This is a little different (the circle problem). A=(pi)(r)^2. We will do C=2(pi)r. Thus, C/(2pi)=r, so A=(pi)(C/2pi)^2. Now we can multiply C by 2.4 and see how that affects A. A=((2.4)^2)(pi)(C/2pi)^2. That is, A=((2.4)^2)*A
Remember, bold A means new area. Non-bold A means old area.
A=b*h is the formula for the area of the rectangle. b is base, and h is height. We multiply b by 4 and h by 7. So A=(4b*7h)=28(b*h)=28*A
A=nsa/2 where n is the number of a polygon's sides (in this case, 8), s is the side length, a is the apothem. It's done the same way the rectangle problem was done. A=3*A
With the last one, maybe draw a picture. A square has equal sides, so its diagonal is 1.4142*a, where a is the side length. Now draw another square.
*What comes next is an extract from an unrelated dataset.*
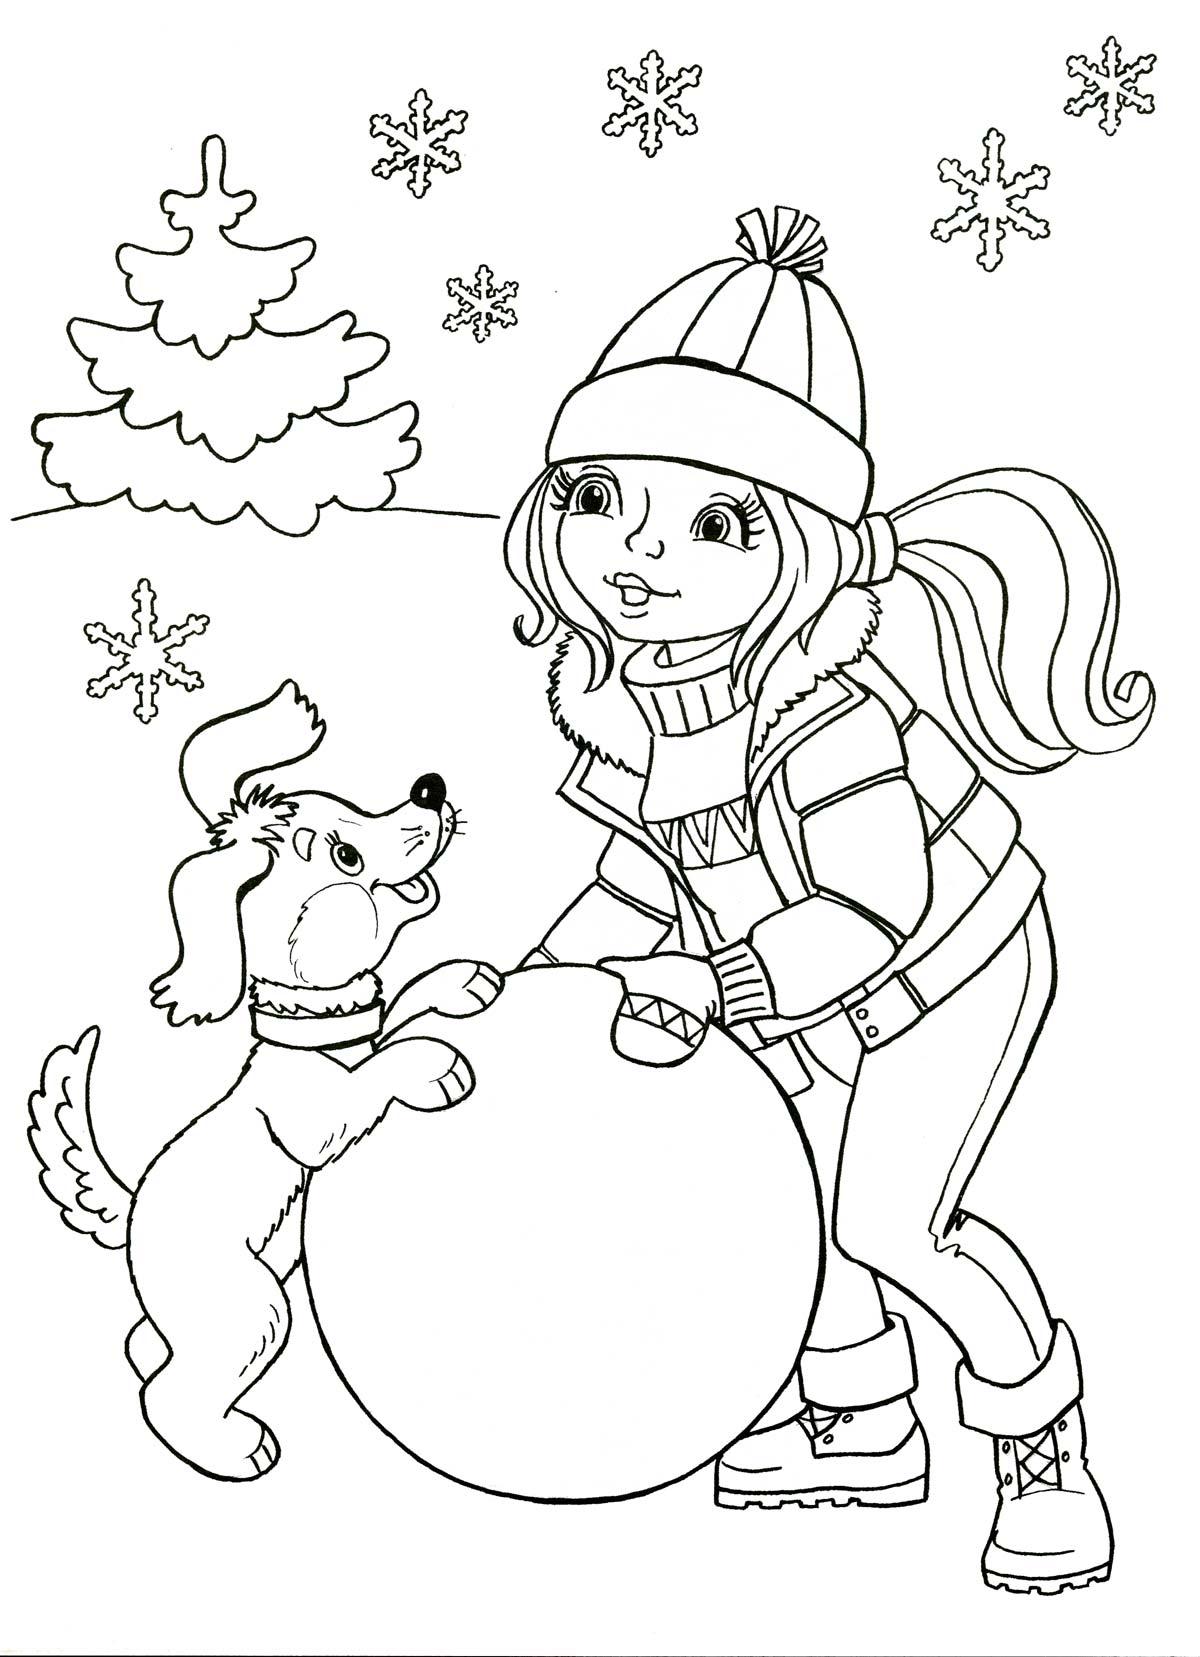 Пейзаж с елкой, девочка с собачкой Раскраски на тему зима
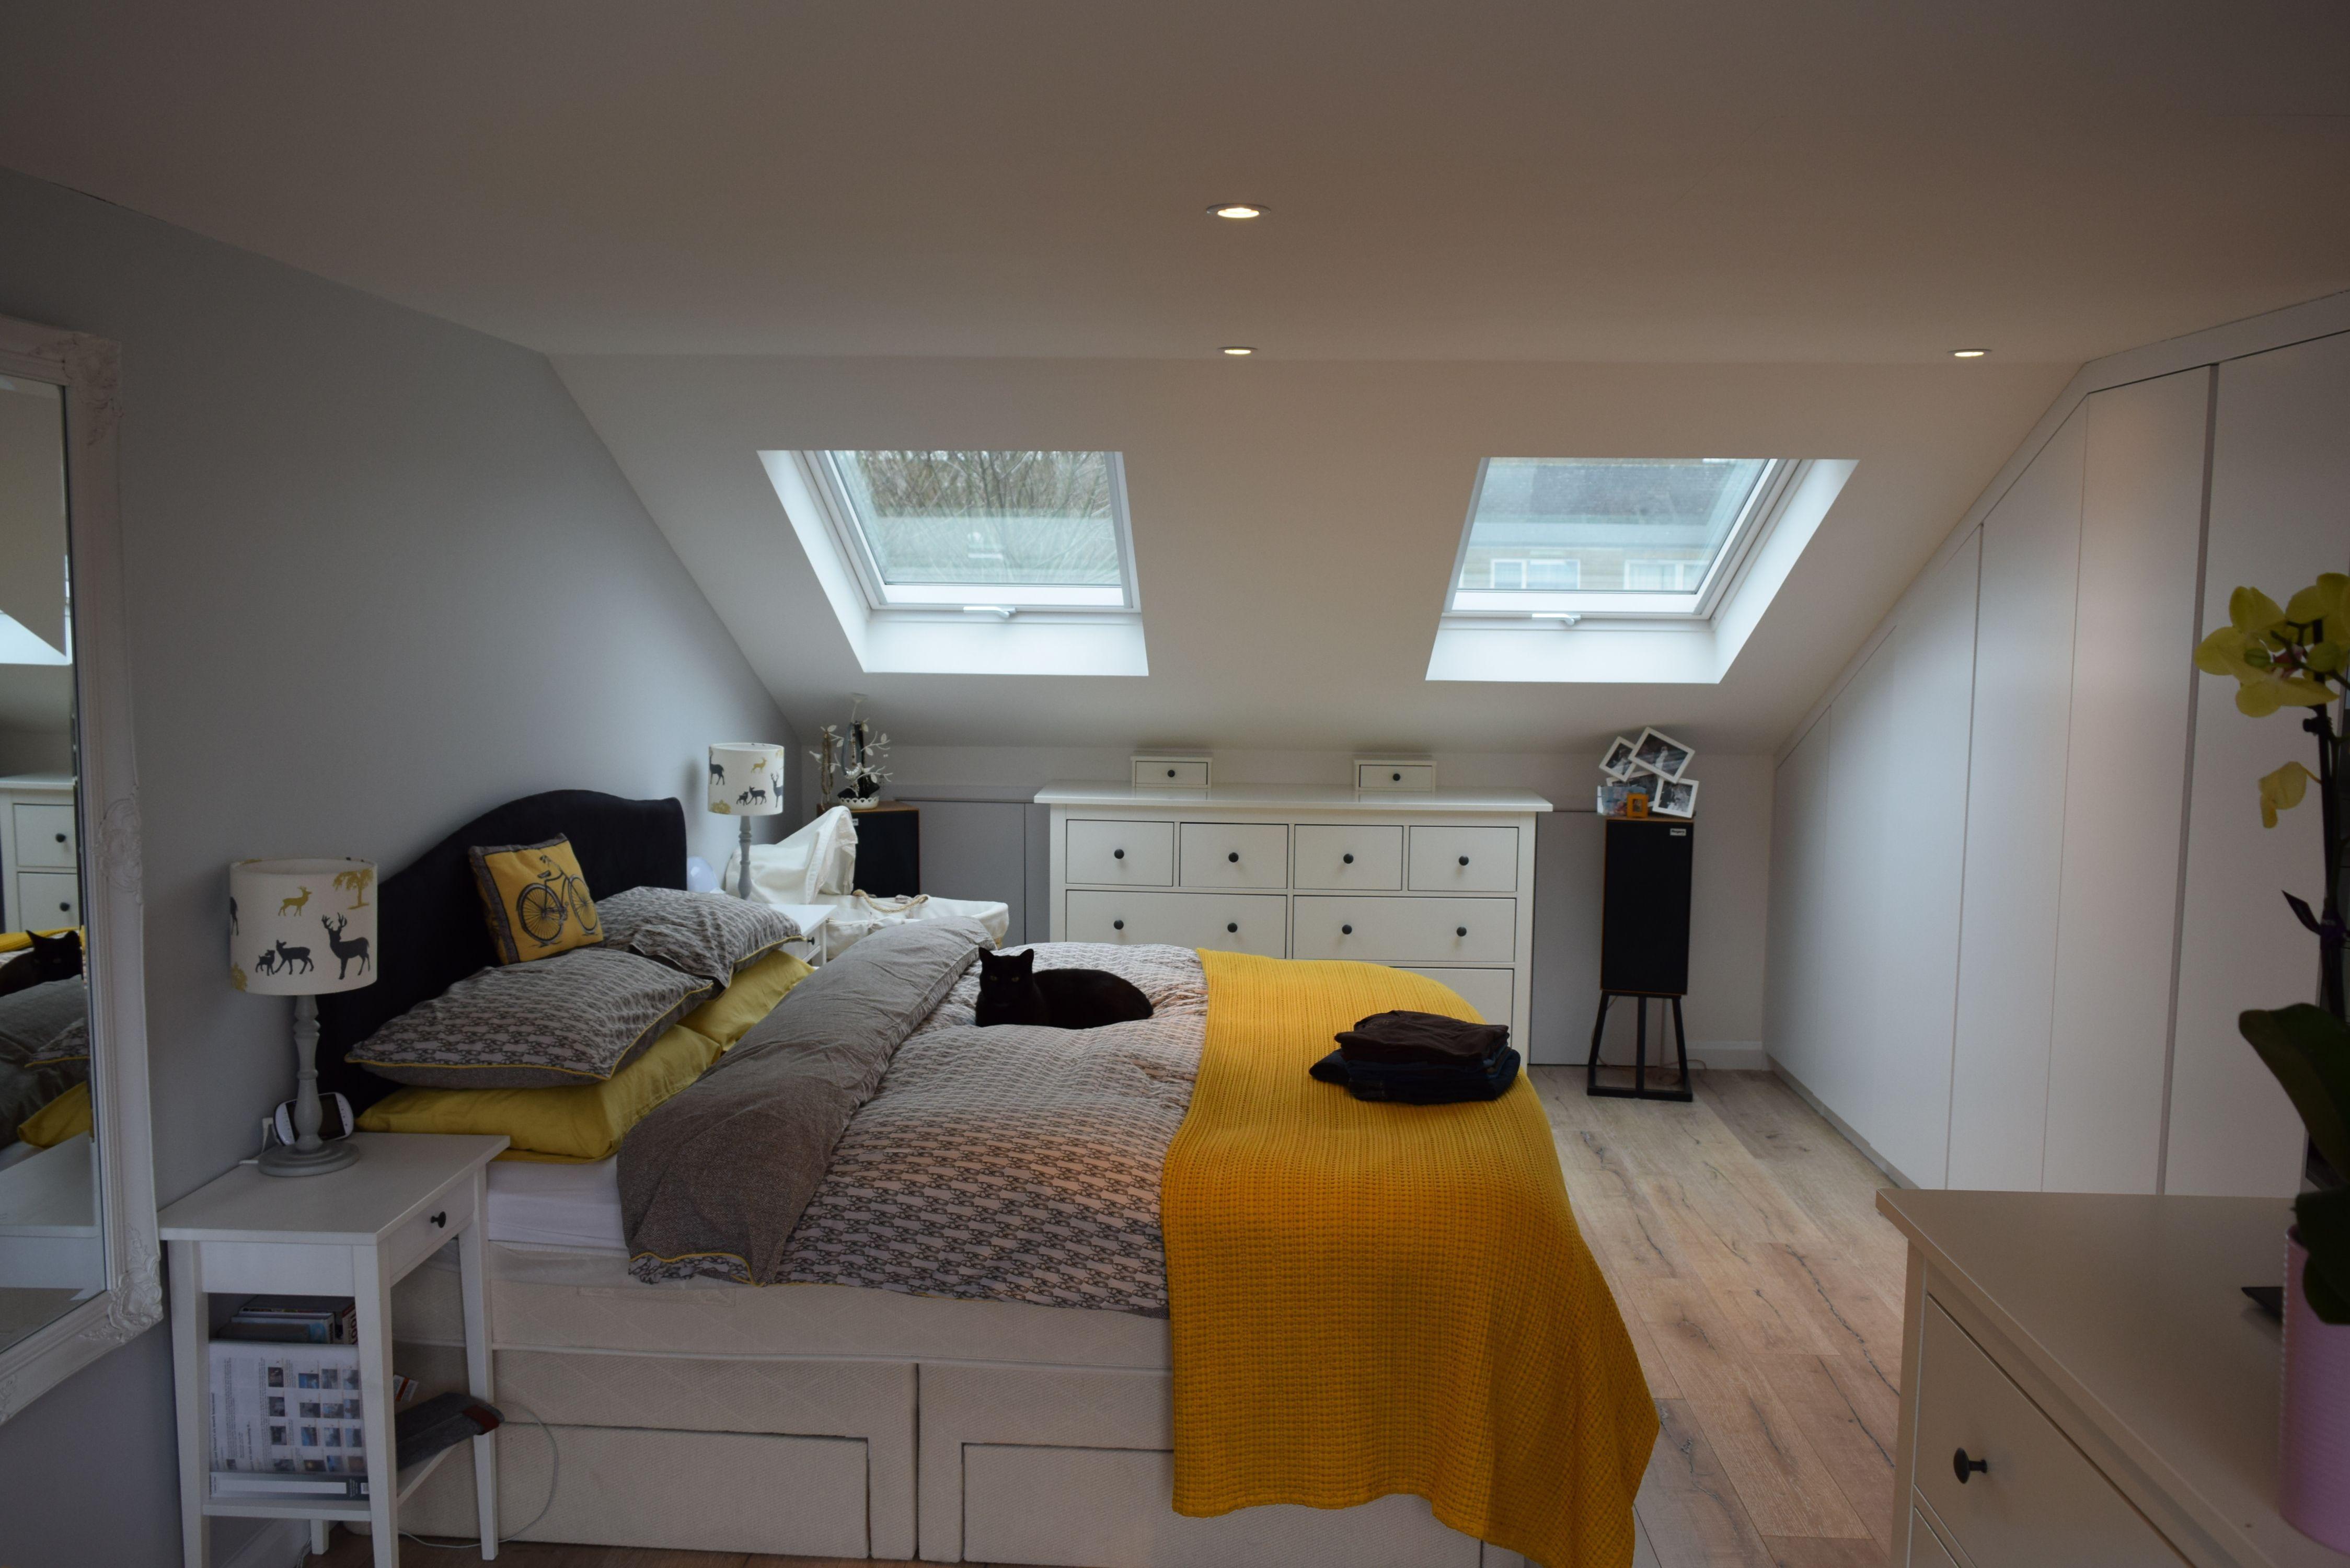 A Single Full Width Rear Dormer Conversion Into One Bedroom And One Bathroom Ash Island Lofts Bed Small Loft Bedroom Small Loft Spaces Attic Bedroom Designs

If you divide the diagonal's length from 1.4142*a, to (1.4142*a)/4, then the side of the square is now a/4 instead of just a. You can prove this to yourself by using a right triangle, with two equal sides. The hypotenuse will be like the diagonal. By the way, 1.4142 is the square root of 2. The area of the old square was a^2, and what we've changed is the side length, from a to a/4. S0, A=(a/4)^2=A/16.
I hope you enjoyed this. Maybe we can meet in person sometime.